For this reason, the plight of Formula 1 in the face of woke ESG is an all-important case study in ‘get woke, go broke’. As the pinnacle of merit-based enterprise worldwide, how much ideological tinkering can it withstand before something breaks?
To be sure, it will take more than tyre allocation restrictions, annoying female commentators, and the horrendous F1 Juniors, but the process has begun. Stefano Domenicali has already made it clear that he wishes to see female drivers in the near future – something that basic biological fact all but guarantees can never happen without the kind of quota system upon which all Marxist redistribution relies, and which would seriously damage both the functional brilliance and the prestige of the sport.
What happens when they reduce the tyre allocation further? Or what happens if they decide each team must have one female driver for the sake of diversity and inclusion? What happens if they decide the sport must go 100% electric to save the planet? I can’t speak for everyone, but either of the two latter outcomes (and many more potentialities aside) would mark the end of my many years as an F1 fan.
Here is where the average person may begin waking up to ESG. Such an ideological matrix of control has little effect on institutions which already have mediocrity and quackery baked into their DNA – government departments and NGOs for example – or at least, the effects take longer to become apparent. But an organism as complex and grounded in excellence as Formula 1 does not cope well with arbitrary, ideological adjustments. When things go wrong, they will become very apparent in very short order, and they will not escape merciless critique.
The more intricate a mechanism and the more reliant on pure excellence its proper function, the smaller the ideological interference needed to send it badly off course.
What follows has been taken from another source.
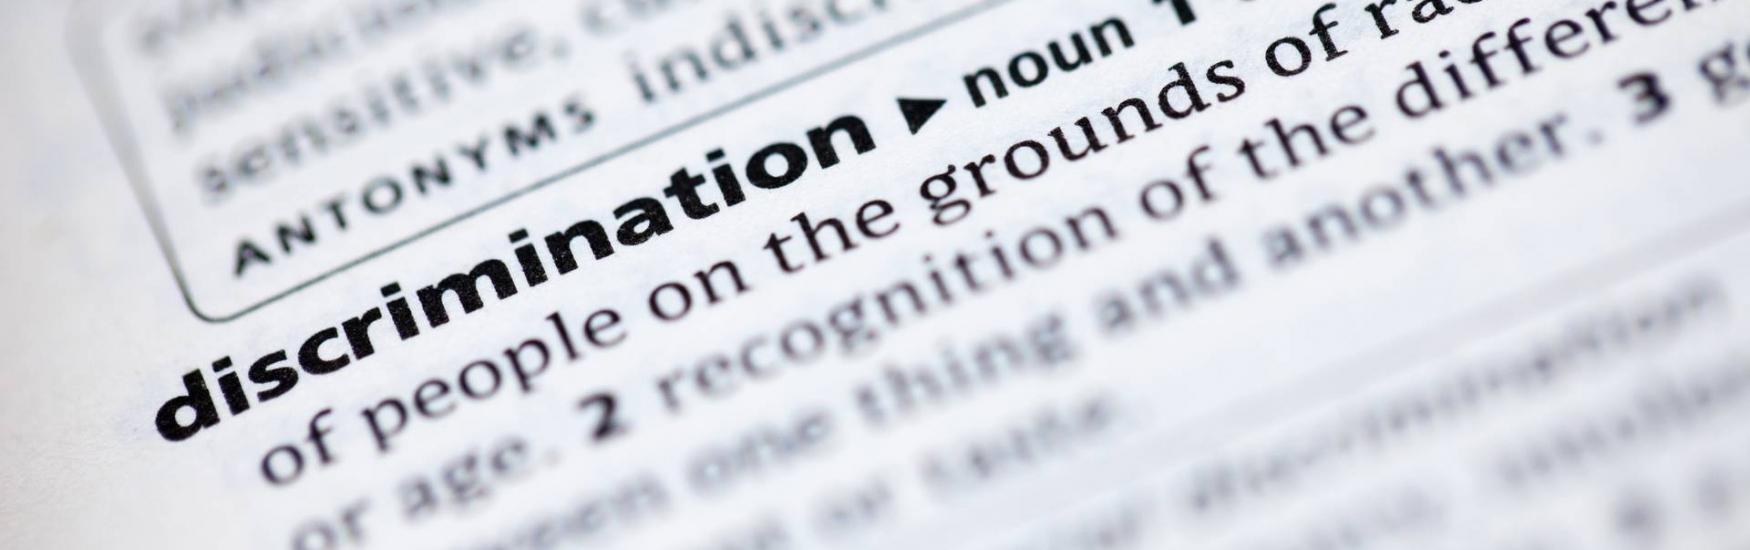 Discrimination news

This is the reason Formula 1 is treading so carefully with its ESG program; why Martin Brundle and David Croft still have the main commentary spots; why take a knee only lasted two seasons; and why they’re only trialling the new tyre allocation restrictions – they know they can’t afford to get it wrong because the PR disaster will be so acute if they do.
But I don’t see how they can get it right.
Formula 1 is the very embodiment of 2 + 2 = 4. And ESG is the embodiment of Orwell’s 2 + 2 = 5. The two are mutually exclusive and as one of the corporate superstructure’s most fanatical adherents to the ‘sustainability’ program, F1 may soon face the stark choice between committing suicide and thumbing its nose at BlackRock and the rest of the ESG mob.
And yes, I did check – BlackRock owns 4% of Formula 1.
Astute observations JJ. Corporates are tying themselves in knots with wokery and some starting to look very silly, others like Budweiser suffering big losses. ESG is damaging some large companies and we will see more of this. Ah, the days past of common sense............................
Just changing the tyres. Goodyear in those days. One of those jobs which hoovered up travelling Aussies who wanted to see bits of Europe and get some pocket money. Lot of fun for the irresponsible.